Ce qui passionne, dans le sanglier, c’est son « affordance » symbolique** : à lui seul, il résume le caractère hybride du monde où nous vivons. Diurne et nocturne à la fois, sauvage mais de plus en plus enclin à socialiser avec l’humain, passant son temps entre le fourré et les champs, le sanglier remet en cause nos catégories habituelles, et notamment l’opposition domestique/sauvage. Pour comprendre sa logique et lui faire face, nous sommes obligés de nous hybrider à notre tour. Le géographe devient ethnologue, le chasseur devient écologue, l’éthologue devient pisteur (et c’est relativement facile parce que cette hybridité, au bout du compte, est déjà en nous, habités comme nous sommes par plusieurs instances à la fois).
Tout le monde a salué avec enthousiasme la qualité de cette recherche. À un certain moment, un membre du jury particulièrement scrupuleux a émis quelques critiques (ça fait partie du rituel, il n’y a pas d’initiation sans brimades, nous rappelle Durkheim)***. La tension, soudainement, a augmenté. Il y avait du cynégétique dans l’air. Ça a duré quelques minutes. Loin d’être aux abois, la candidate a réagi calmement, en argumentant ses choix et en profitant des questions pour confirmer sa maîtrise du sujet.

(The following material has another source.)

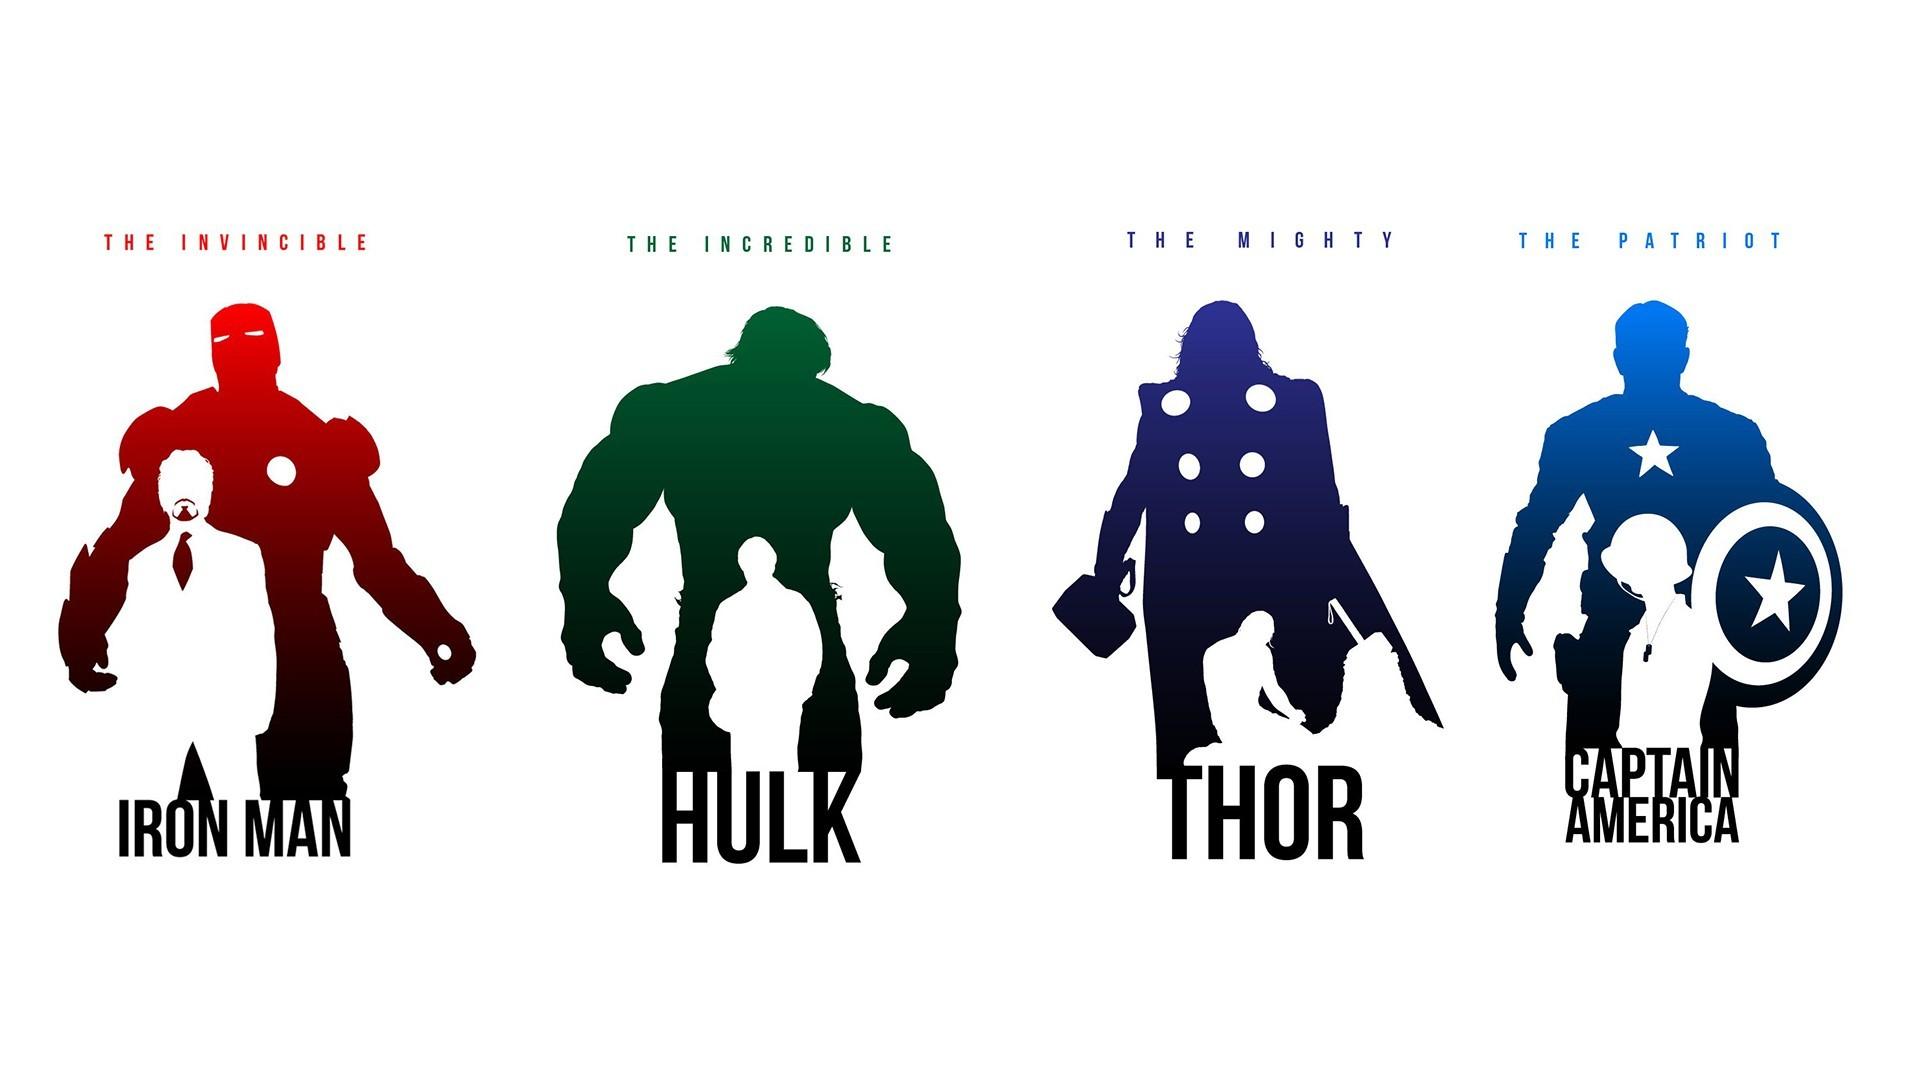 General 1920x1080 comics Hulk Iron Man Captain America Thor Marvel Cinematic Universe

Je ne sais pas comment ça c’est
terminé. Très bien, j’imagine.
* Thèse de doctorat en géographie, Bordeaux 3, sous la direction de Laurent Couderchet et de Nicolas Lemoigne.
**Dans le sens qu’il semble tout prêt pour des emplois symboliques qui sautent aux yeux.
*** Ça portait au départ sur des
oublis bibliographiques. On peut comprendre. Il faut reconnaître que, lorsqu’on travaille depuis longtemps sur un
sujet marginal qui a pris de l'importance (c'est le cas du statut de l'animal), on aime figurer dans l'état de l'art dressé par les jeunes chercheurs. Lorsqu'on n'apparaît pas dans les bibliographies des collègues travaillant sur les mèmes questions, c'est encore plus vexant.